[BRIEF] Give back the whole listing exactly as written, leaving out each picture.

DATA EXCERPT below:

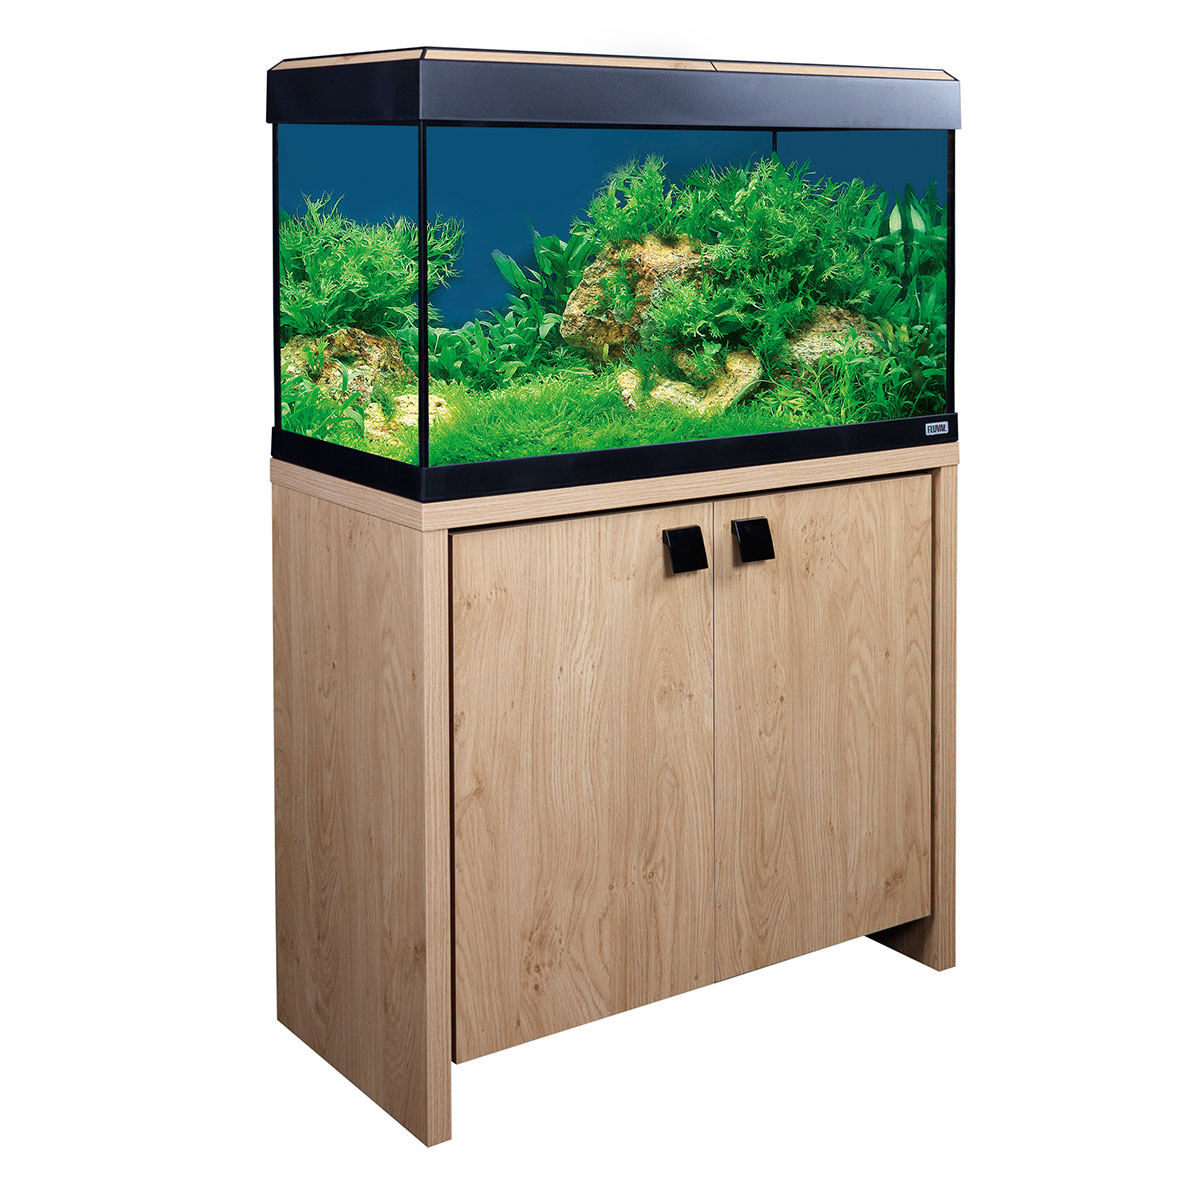 Fluval Aquarium Roma 125 Kombination günstig kaufen bei ZooRoyal
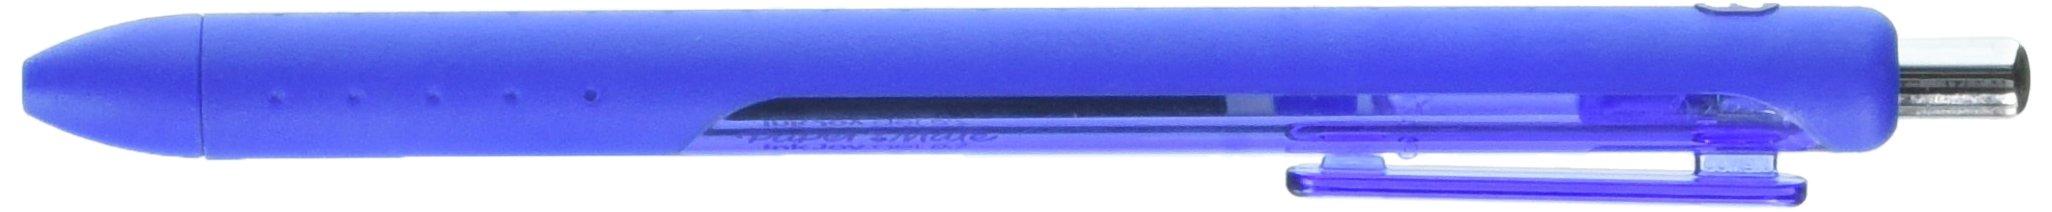 Paper Mate InkJoy Gel Pen, Medium Point, Dark Blue, 12 Count
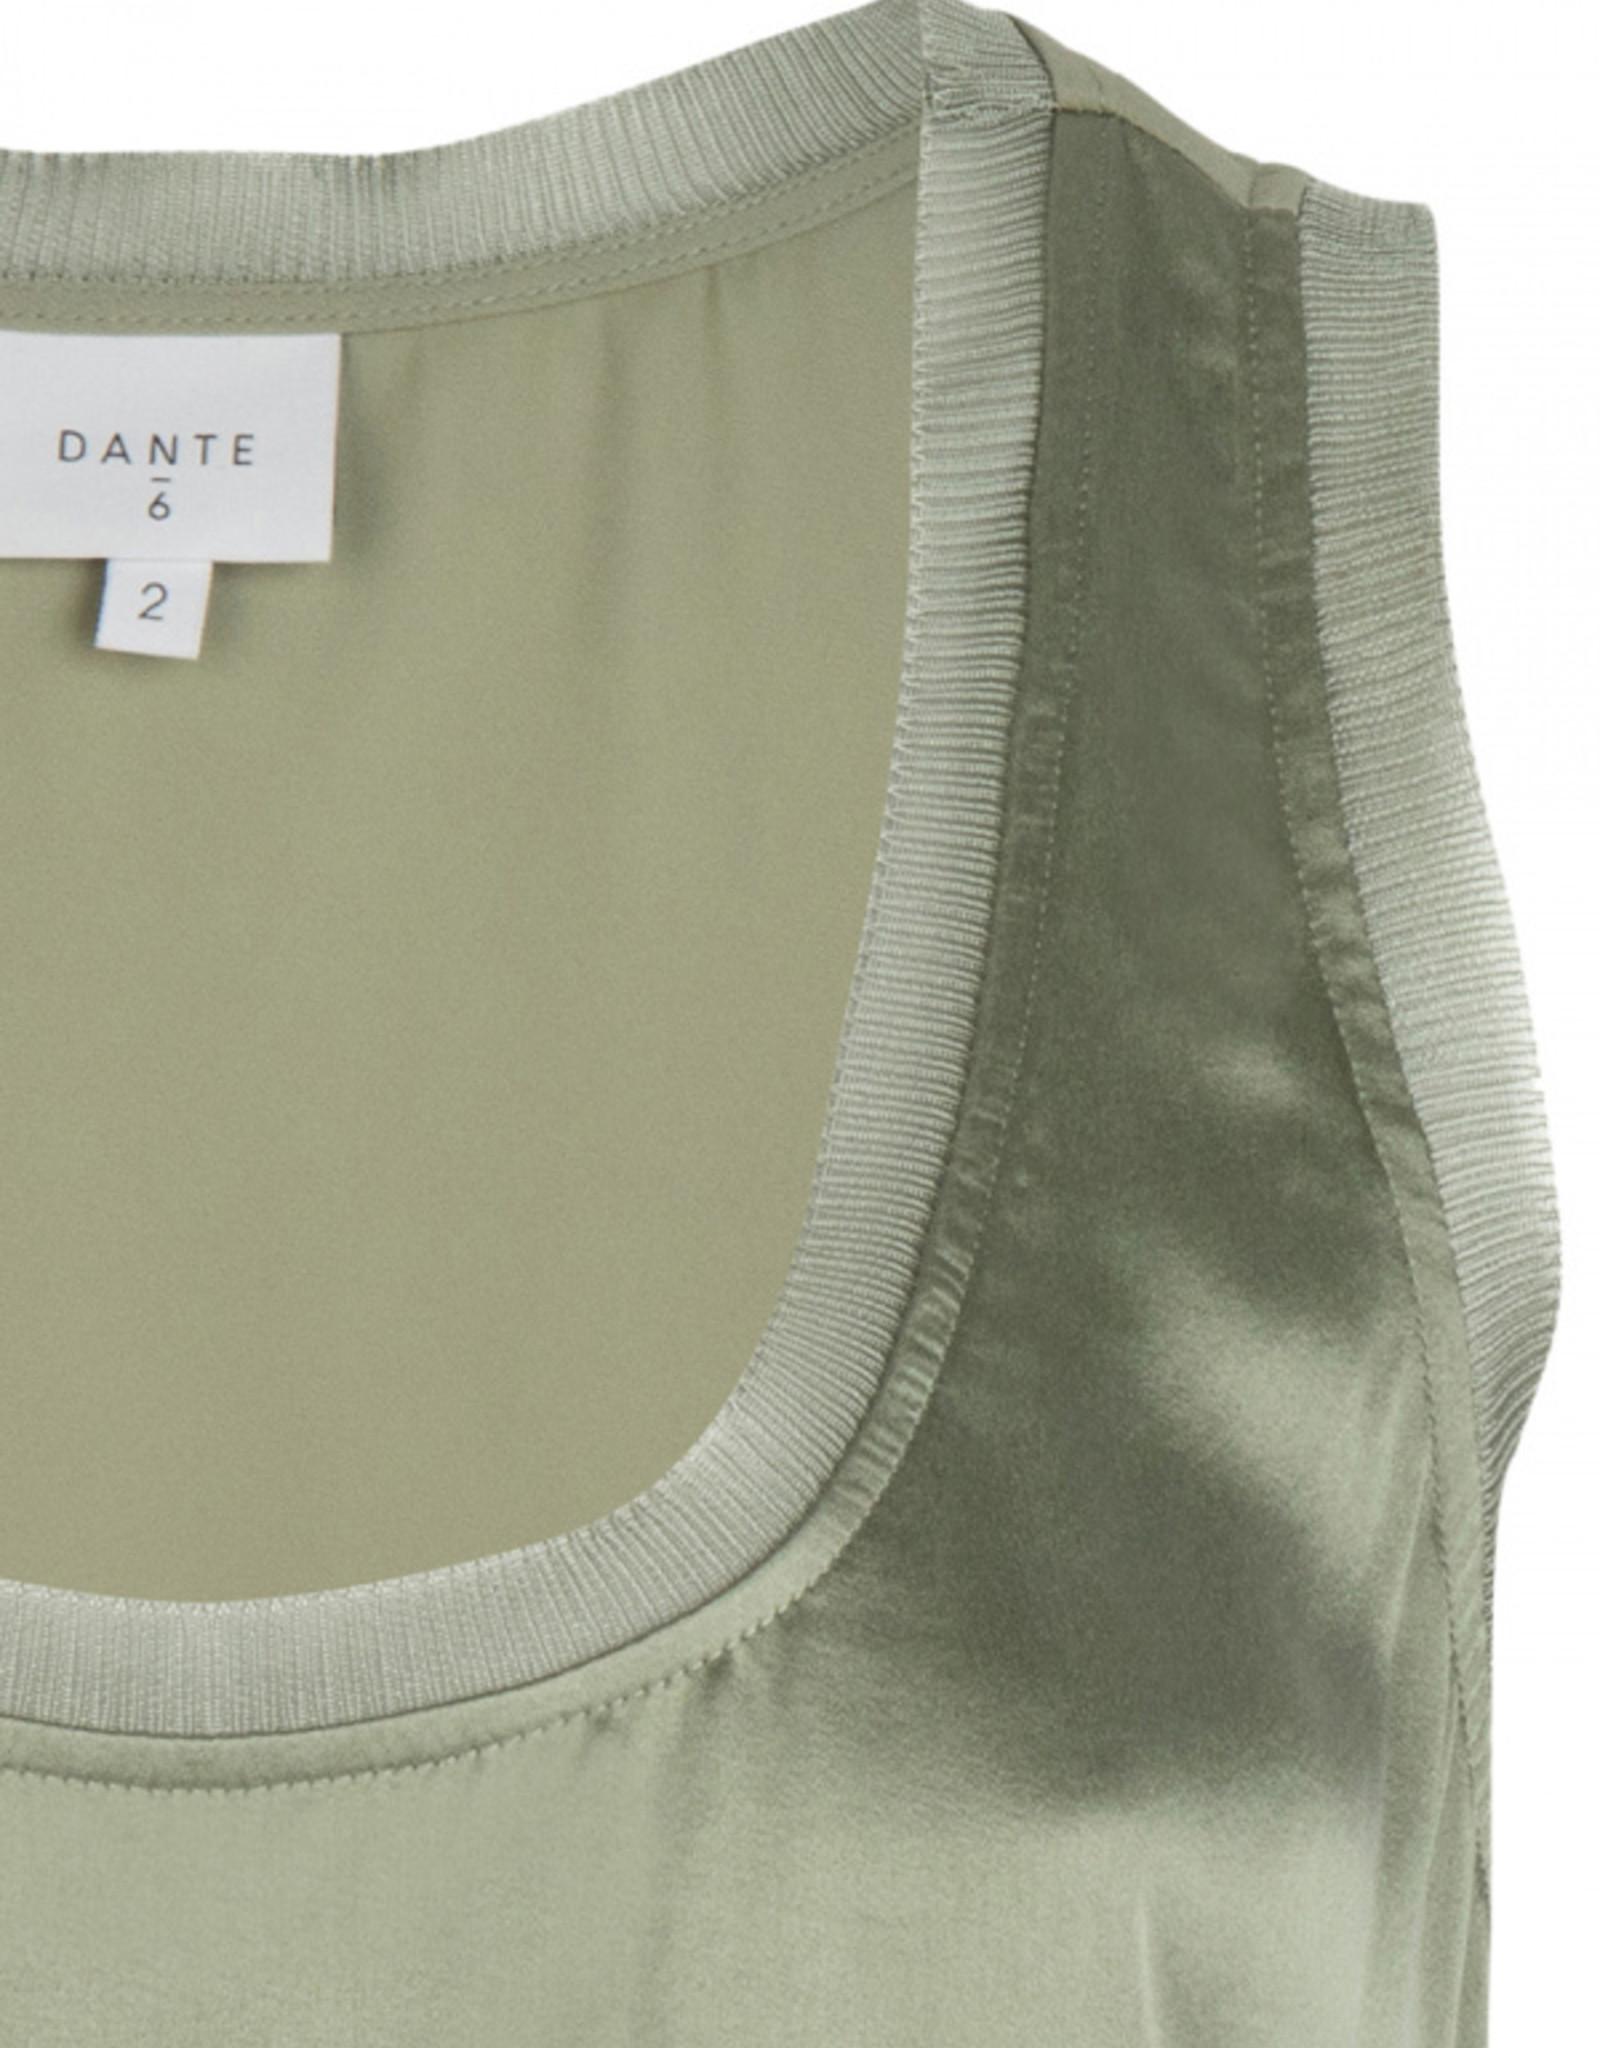 Dante6 Nava stretch silk top Sage Green
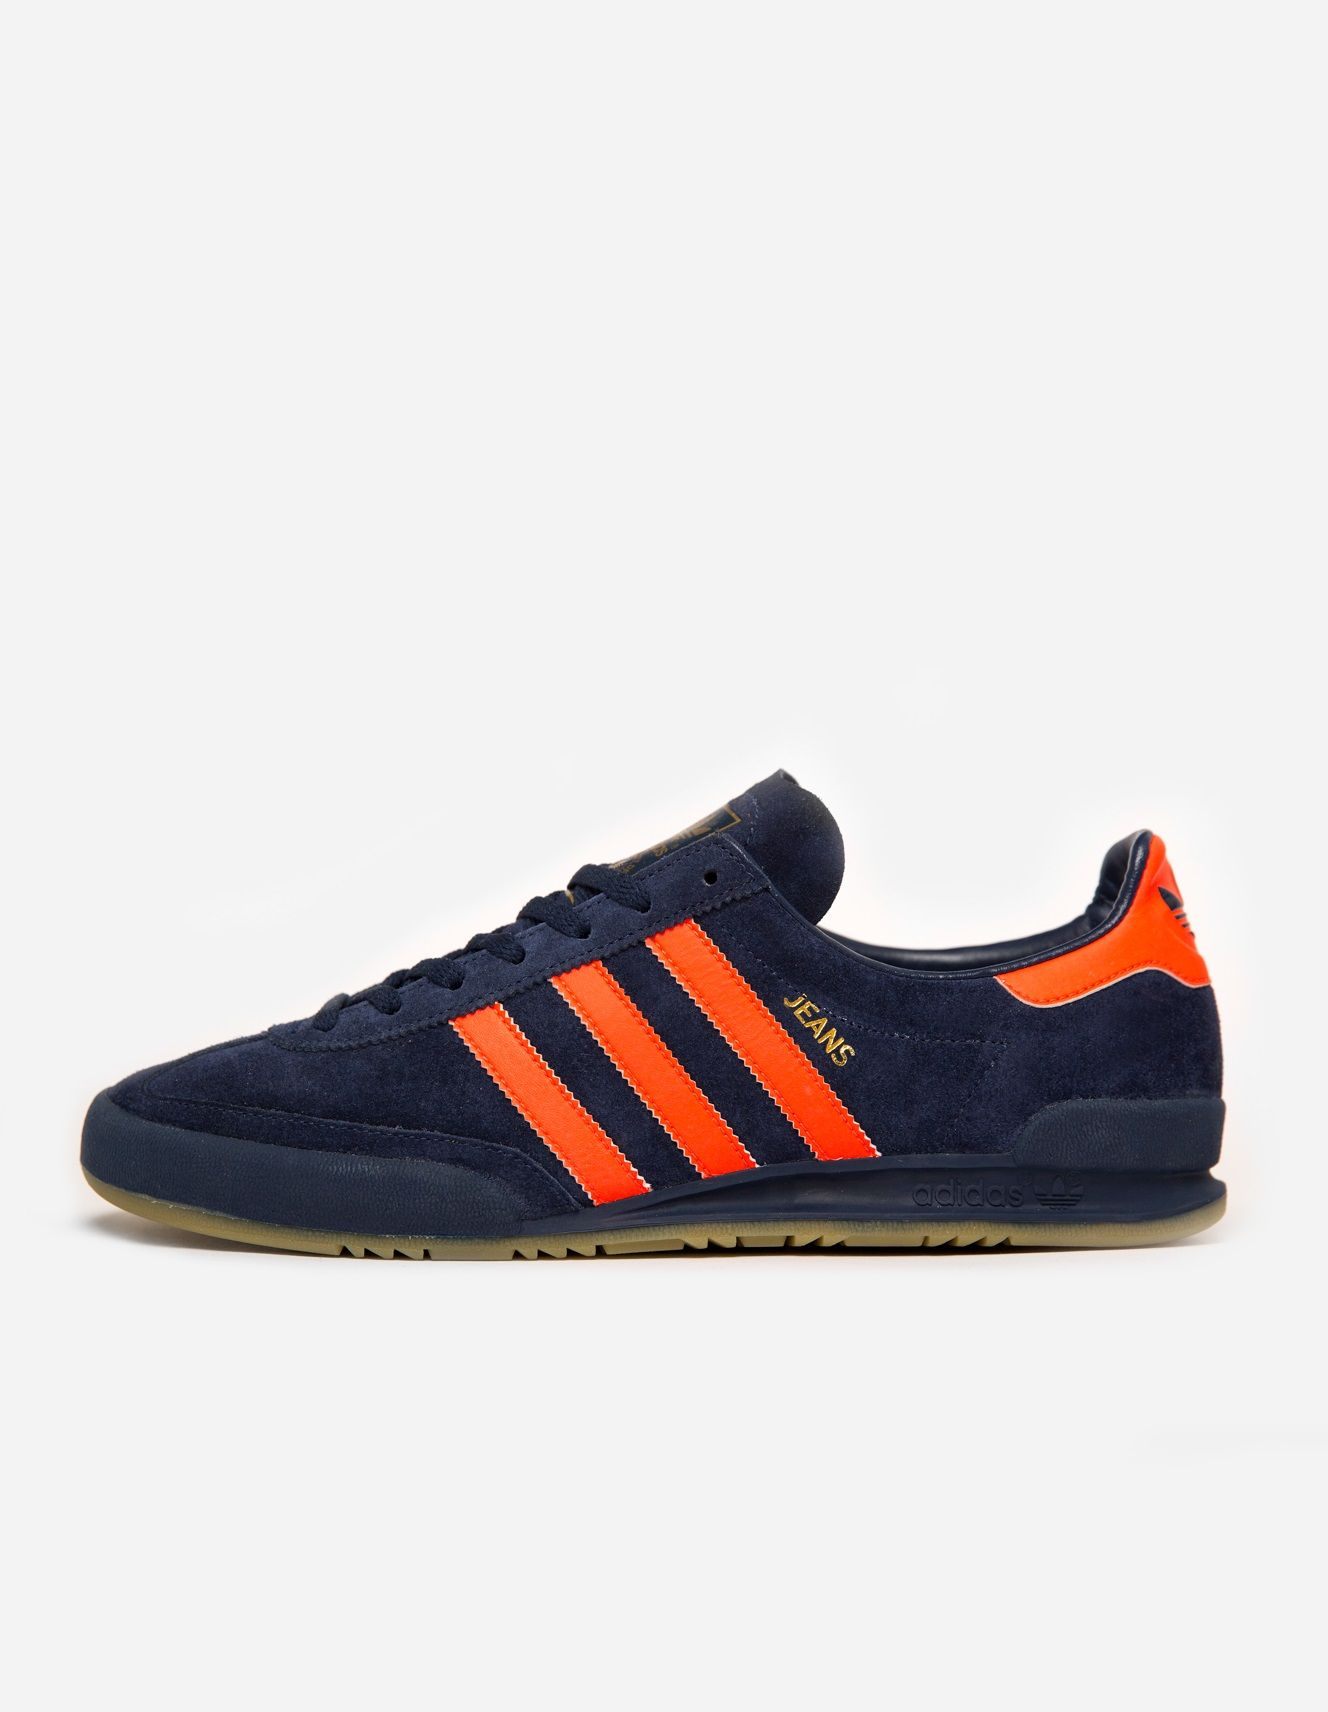 cheap for discount 128d6 d5933 Size  x adidas Originals Jeans MKII  Blue Orange

End of DATA EXCERPT.

[RESULT OF THIS EXERCISE]
 Fluval Aquarium Roma 125 Kombination günstig kaufen bei ZooRoyal
 Paper Mate InkJoy Gel Pen, Medium Point, Dark Blue, 12 Count
 Dante6 Nava stretch silk top Sage Green
 cheap for discount 128d6 d5933 Size  x adidas Originals Jeans MKII  Blue Orange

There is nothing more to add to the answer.